No need to save/re-load the image and all. Just un-check and then re-check the “enable modifier during interactive display” button. (for the displacement modifier) Works a treat!
Don’t forget to save the image when done painting!
Pappy
Good catch pappy! It works on the other modifiers in the stack too - toggling any of them (just once) updates the viewport.
This looks like the kind of thing that could be easily coded to allow for interactive displacement mapping. Would this be a patch thing or a python thing, do you think? I’ll start bugging the developers if I know what to ask for!
Any reason I would use this instead of sculpt mode besides seeing where and how much the displacement would be?
It looks like a nice trick, but wouldn’t sculpt mode work a treat for things like landscapes?
Not only that, but you could also use proportional editing. Either way it would be easier than what you are showing us.
Unless, it is your intention to take this hight map elsewhere. Even then, using a gradient map and an ortho camera, you could create a hight map out of any landscape.
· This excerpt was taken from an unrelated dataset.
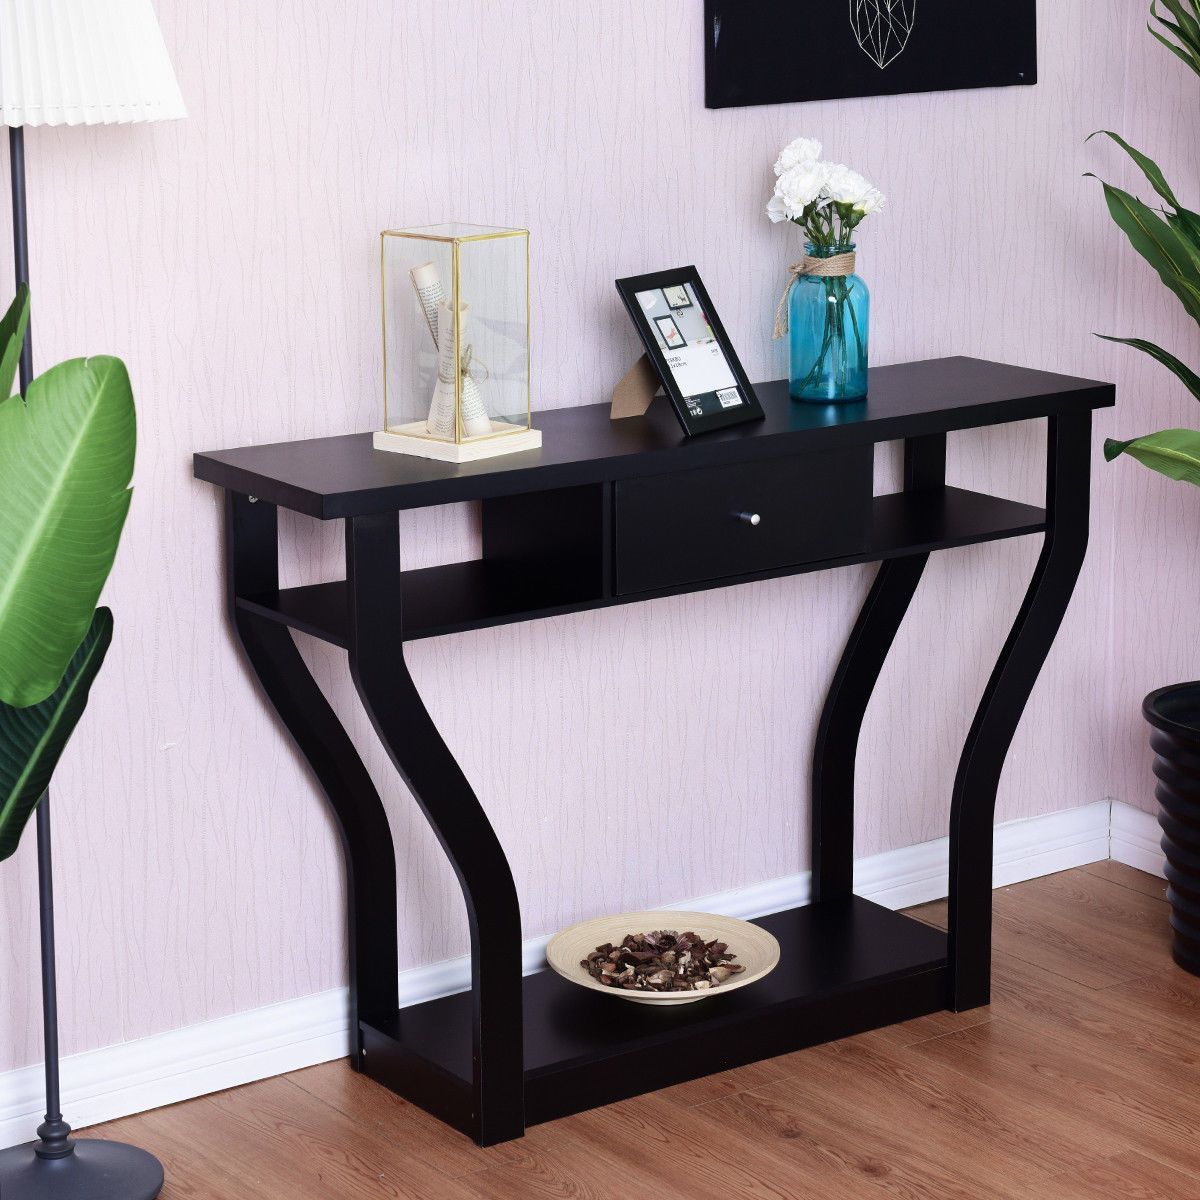 Modern Entryway Accent Console Table Pertaining To Modern Console Tables (View 13 of 20)

IMO this should be used in combination with sculpt mode and good old fashioned mesh editting. You can definitely do things with this technique which would be impossible with sculpt mode, because you can take the displacement map into Pshop or Gimp. You can clone, use transforms, all kinds of good stuff which sculpt mode can’t do. This technique gives you a fast way to rough out a displacement map in 3D space, something that’s always been a problem with texture maps created in 2D apps.